Overstressed Americans are increasingly turning to various forms of Eastern meditation, particularly yoga, in search of relaxation and spirituality. Underlying these meditative practices, however, is a worldview in conflict with biblical spirituality—though many Christians are (unwisely) practicing yoga.
Many Eastern religions teach that the source of salvation is found within, and that the fundamental human problem is not sin against a holy God but ignorance of our true condition. These worldviews advocate meditation and “higher forms of consciousness” as a way to discover a secret inner divinity.
Yoga, deeply rooted in Hinduism, essentially means to be “yoked” with the divine. Yogic postures, breathing, and chanting were originally designed not to bring better physical health and well-being (Western marketing to the contrary), but a sense of oneness with Brahman—the Hindu word for the absolute being that pervades all things.
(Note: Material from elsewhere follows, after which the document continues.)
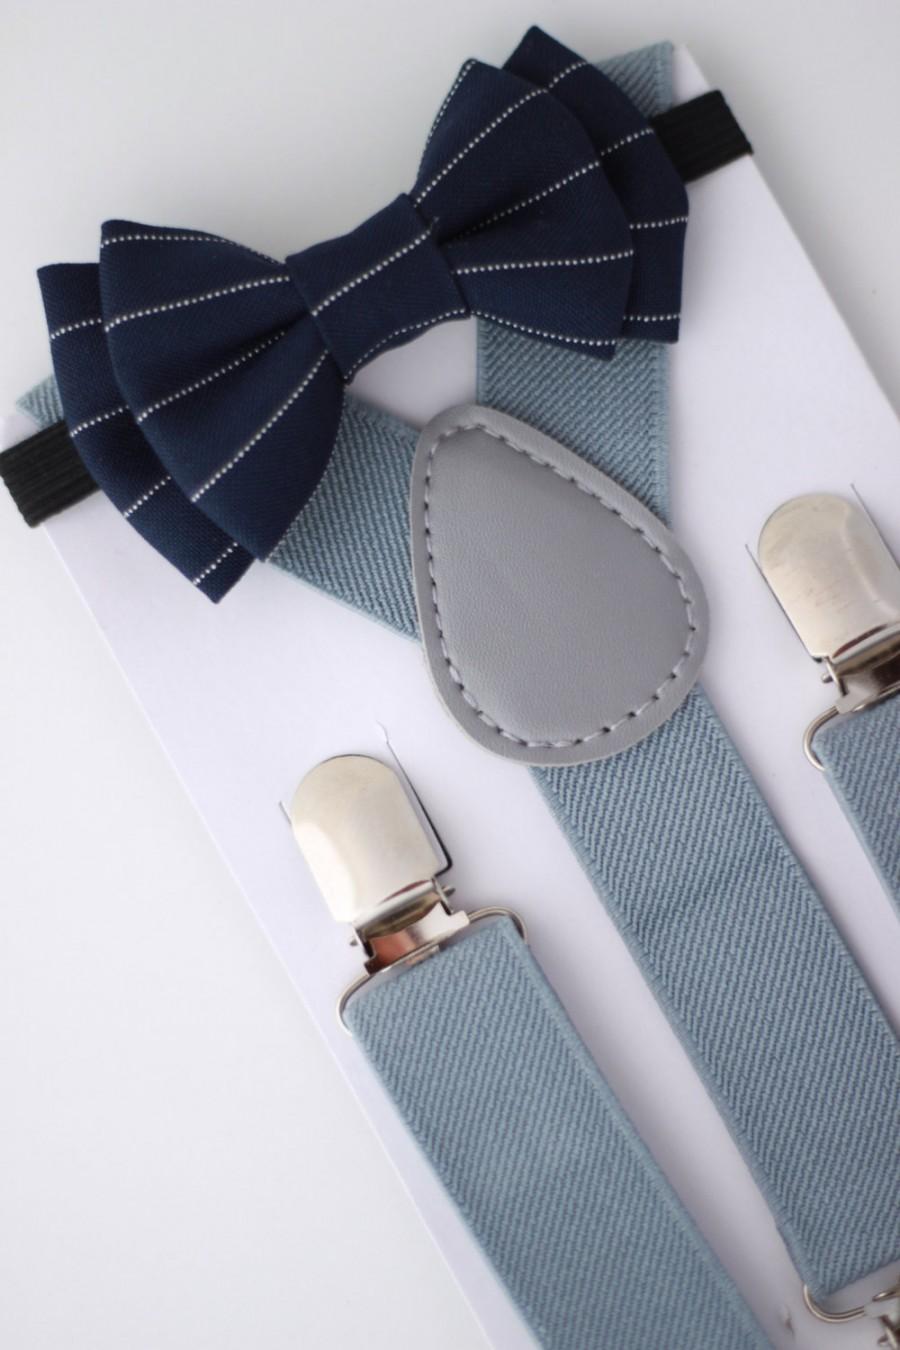 Hochzeit - SUSPENDER & BOWTIE SET.  Newborn - Adult sizes. Light grey Suspenders. Navy blue pinstripe bow tie.

This is pantheism (all is divine), not Christianity.
Transcendental Meditation is a veiled form of Hindu yoga, though it claims to be a religiously neutral method of relaxation and rejuvenation. Initiates to TM receive a mantra (Hindu holy word) to repeat while sitting in yogic postures and engaging in yogic breathing. The goal is to find God within their own beings, since God (Brahman) and the self (Atman) are really one.
Differences in various forms of Eastern meditation aside, they all aim at a supposedly “higher” or “altered” state of consciousness. Meditation guides claim that normal consciousness obscures sacred realities. Therefore, meditation is practiced in order to suspend rational patterns of thought.
This helps explain why so many Eastern mystics claim that divine realities are utterly beyond words, thought, and personality. In order to find “enlightenment,” one must extinguish one’s critical capacities—something the Bible never calls us to do (Rom. 12:1-2). In fact, suspending our critical capacities through meditation opens the soul to deception and even to spiritual bondage.